Today, Rhone is cooling off in the shade next to one of the highlights of the cemetery—the Circle of St. John, a hill that offers an unobstructed view of the skyline and is dotted with monuments, including a 35-foot Corinthian column topped by a Masonic emblem. The Circle is a prime example of the contradictions of Mount Moriah. It’s completely cleared, but surrounded by massive overgrowth just a few steps away. The monuments are imposing and grand, but also display traces of faded graffiti.

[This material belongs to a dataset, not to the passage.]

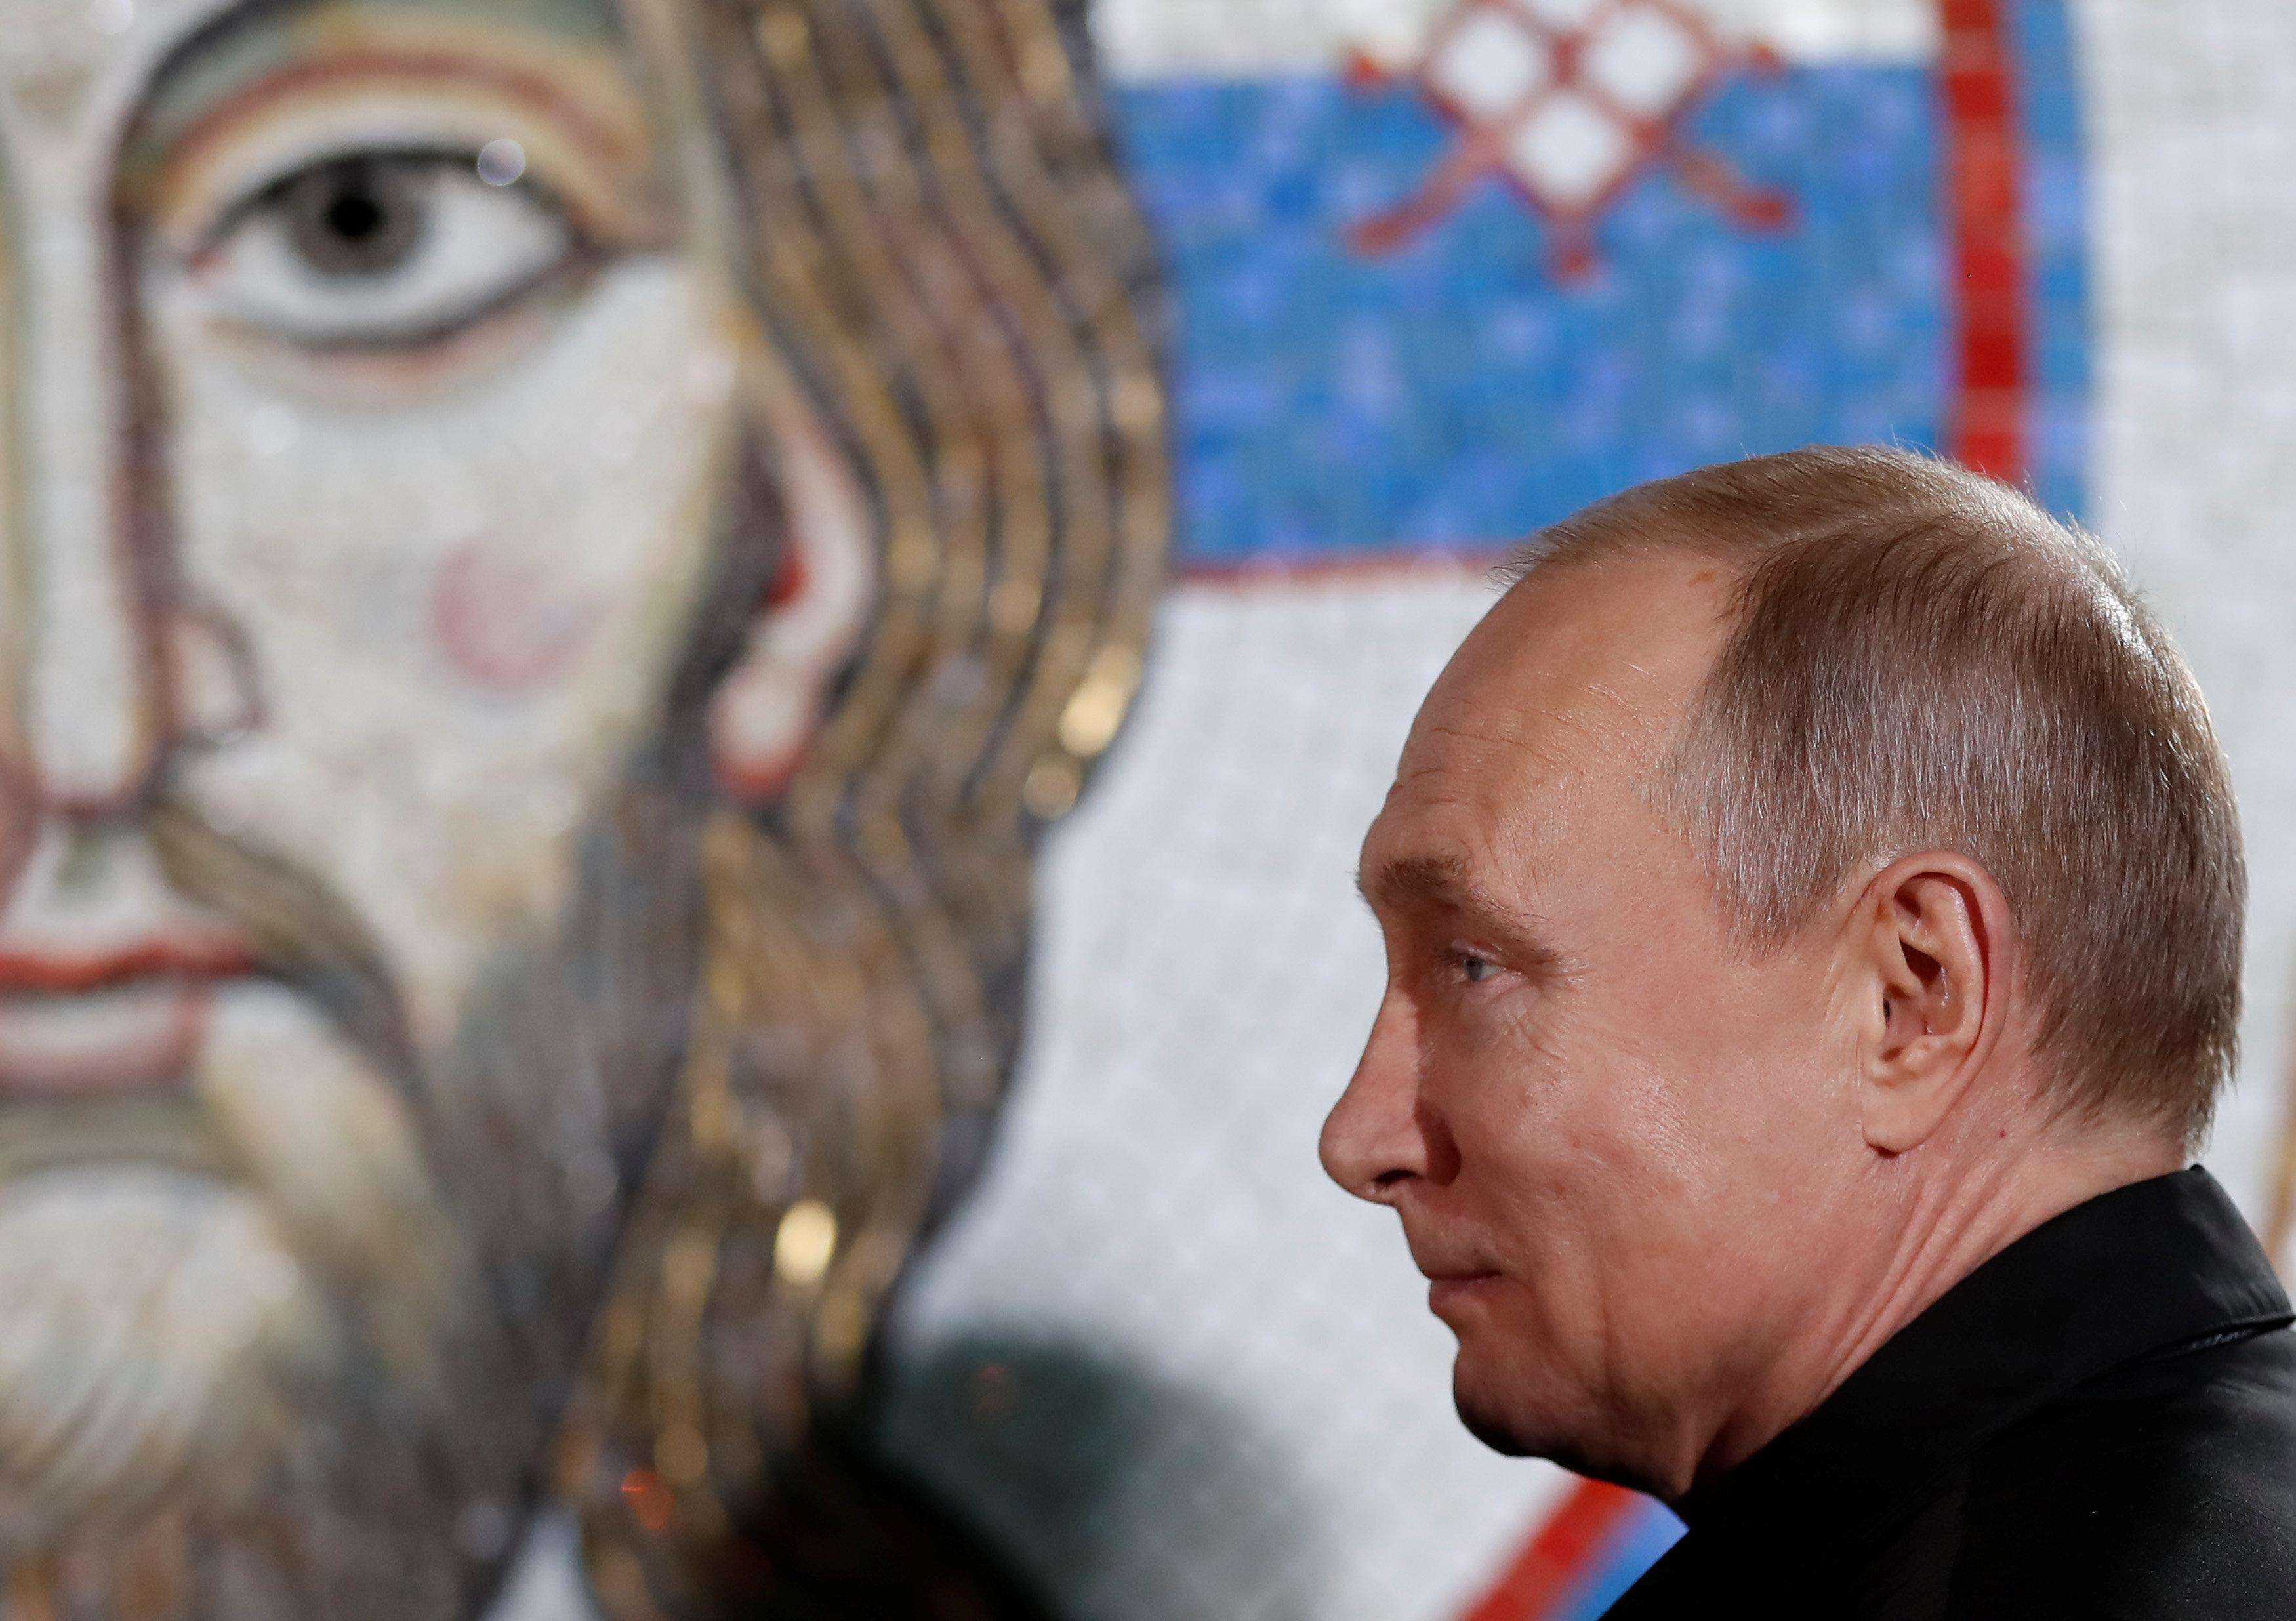 Δωρέα 5 εκατ. από τον Πούτιν σε ορθόδοξο ναό της Σερβίας

After her cool-down, Rhone drives down to the cemetery’s main thoroughfare, in search of a grave. Because the Friends have been so adept at clearing the cemetery their primary role has shifted. “We’ve gone from being the lawn care service to being management,” Rhone says. Today she is helping a woman who posted on Facebook that she was searching for a relative, Charles Thomas Galbraith, who was buried in 1953. Rhone is prepared for the scavenger hunt, wearing a plain gray shirt and black pants, clothes that can handle a beating should she need to tramp through overgrowth. A large sombrero sits loosely on her head, blocking the sun. She pulls up a map on her iPad, along with the database the Friends have been compiling from the cemetery’s old records. “If you see ‘Myers’ or ‘Fulmore,’” Rhone says, gesturing to two nearby headstones, “that’ll tell you you’re sort of in the right area.”

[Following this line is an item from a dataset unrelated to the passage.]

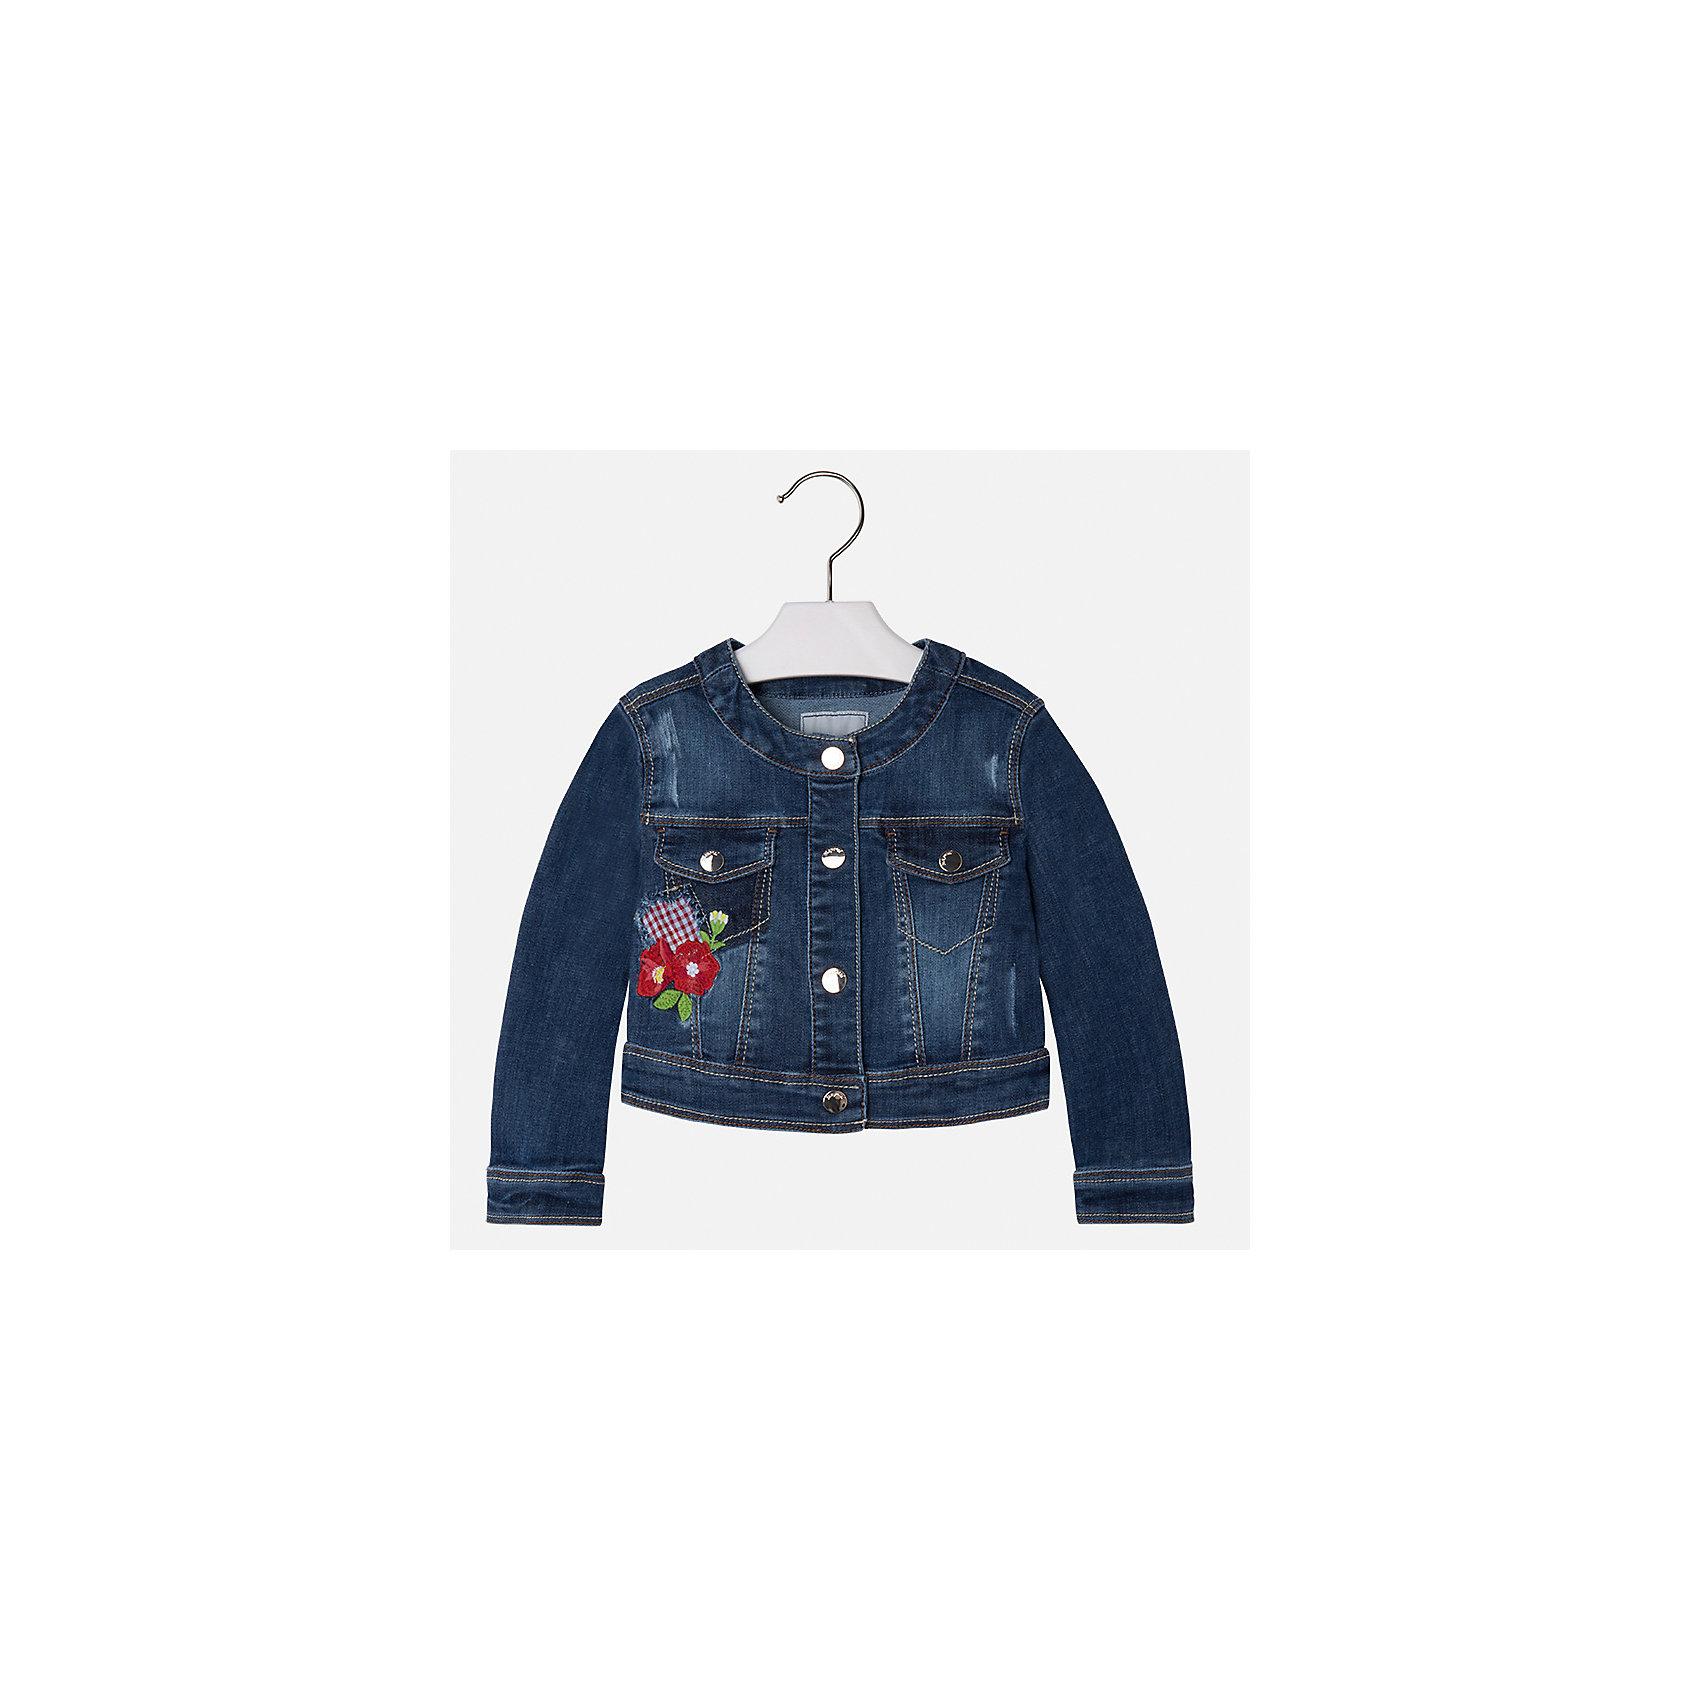 Куртка для девочки MayoralХарактеристики товара:<br><br>• цвет: синий<br>• состав: 81% полиэстер, 17% вискоза, 2% эластан<br>• температурный режим: от +20°до +10°С<br>• вышивка<br>• карманы<br>• с длинными рукавами <br>• застежки: кнопки<br>• страна бренда: Испания<br><br>Удобная и модная куртка для девочки поможет разнообразить гардероб ребенка и обеспечить тепло в прохладную погоду. Она отлично сочетается и с юбками, и с брюками. Красивый цвет позволяет подобрать к вещи низ различных расцветок. Интересная отделка модели делает её нарядной и стильной. Оригинальной и модной куртку делает красивая вышивка.<br><br>Одежда, обувь и аксессуары от испанского бренда Mayoral полюбились детям и взрослым по всему миру. Модели этой марки - стильные и удобные. Для их производства используются только безопасные, качественные материалы и фурнитура. Порадуйте ребенка модными и красивыми вещами от Mayoral! <br><br>Куртку для девочки от испанского бренда Mayoral (Майорал) можно купить в нашем интернет-магазине.<br><br>Ширина мм: 356<br>Глубина мм: 10<br>Высота мм: 245<br>Вес г: 519<br>Цвет: разноцветный<br>Возраст от месяцев: 96<br>Возраст до месяцев: 108<br>Пол: Женский<br>Возраст: Детский<br>Размер: 134,92,98,104,110,116,122,128<br>SKU: 5290118

Mount Moriah is changing—joggers, bikers, birders, and adventurous explorers have all started to come from afar to visit the cemetery. Few, if any, are African American, unlike much of the surrounding neighborhood. On a recent tour led by the Friends, everyone is white, and the group draws puzzled glances from passersby on Kingsessing Avenue. “Not only do you see people who are not of color walking in the cemetery, now you see them walking their dogs outside,” Rhone says. “And that’s been a change this summer.”

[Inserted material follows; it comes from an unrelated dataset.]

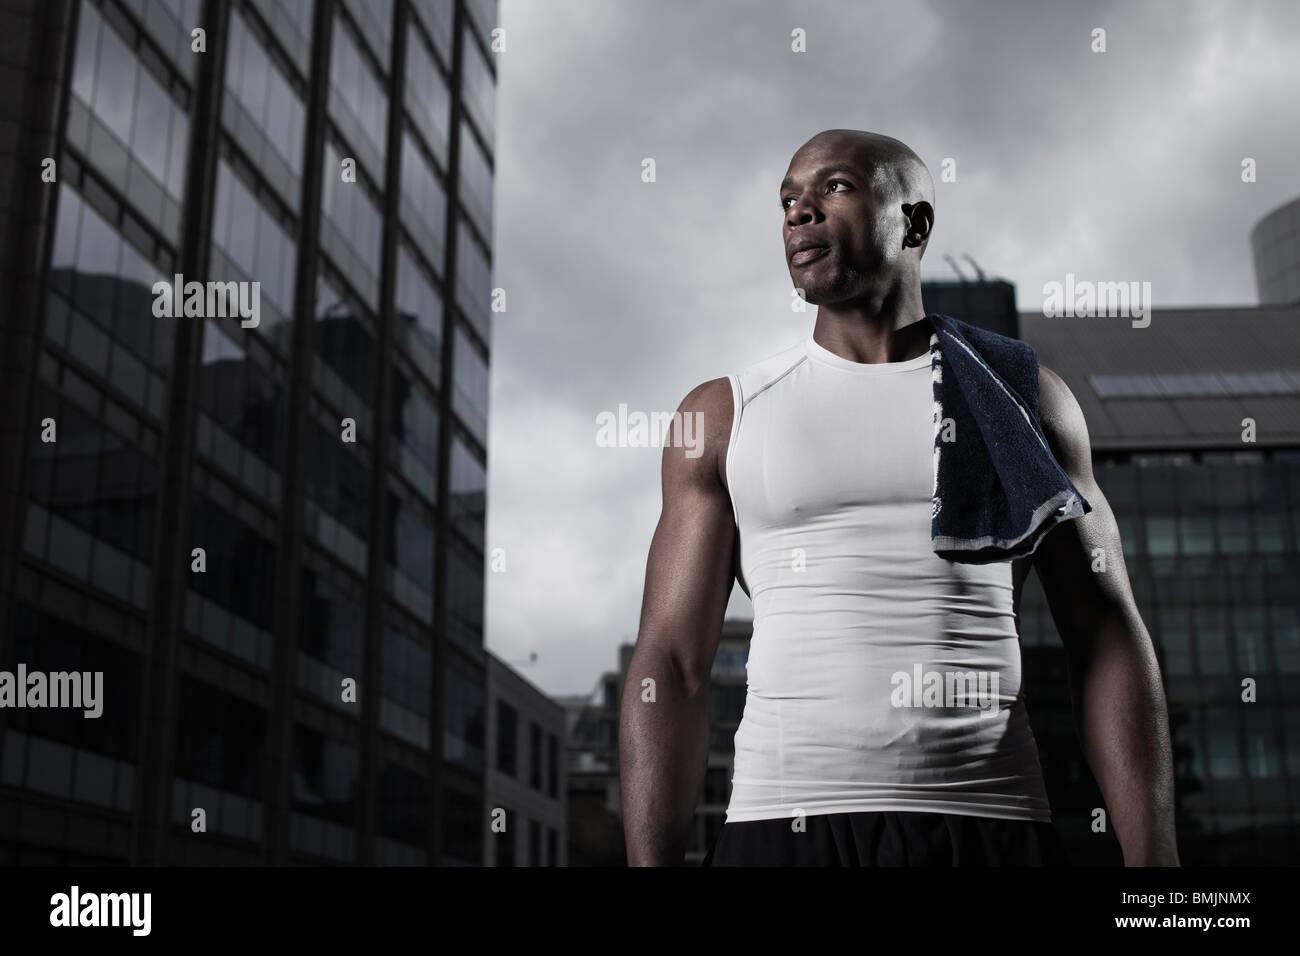 Montare l'uomo di indossare abbigliamento sportivo backgrounded dai moderni edifici della città Immagini Stock

Rhone is thrilled to see more visitors coming to Mount Moriah and Southwest Philly. However, she wants to maintain the integrity of the neighborhood. A member of a local community advisory board, she has already met face-to-face with residents, explaining how things could change if the cemetery truly takes off. “You need to get in front of this and make sure that you have a seat at a table and are not on the menu,” she told them, “so that you know what you want and what you don’t want for this community.”

Ultimately, it is impossible to predict what may or may not happen outside the gates of Mount Moriah. On the inside, however, Rhone’s vision is crystal clear. Rebuilding projects, a planting scheme and maintenance plan, achieving arboretum status and securing a spot on the National Register of Historic Places. These aren’t pipe dreams: Thanks to a $22,000 grant from the Mayor’s Fund, an additional $11,000 that came from fundraising, and a well-organized group of volunteer grant writers, these projects are in motion.

Perhaps most importantly, Rhone is working to honor the plots Mount Moriah sold to families before it closed. There is a man, for instance, now in his nineties, who came and cleared his wife’s plot for forty years, through all the bad times when nobody else cared about the cemetery. The plot has space for him. Rhone wants to make sure he can be buried next to his wife. Rhone also wants to make sure that she can be buried next to her husband.

SHE’S STANDING there now, next to the reddish-brown grave where Gilbert Rhone was buried 23 years ago, nearly to the day. By then, the cemetery was nearing the end of its own life.

Paulette drove on Kingsessing in the limousine that day and noticed the cemetery’s fence was lopsided, thinking to herself, “Boy, this looks a little rough.” She stopped at the main office and was handed a key in exchange for a check. She remembers what the woman wore: black skirt with trumpet pleats. The rest is a blur.

Rhone believes things happen for a reason. “If he wasn’t here, I wouldn’t be here,” she says. And so on that day, the day Gilbert was buried, there was also the faint glimmer of something else: A beginning.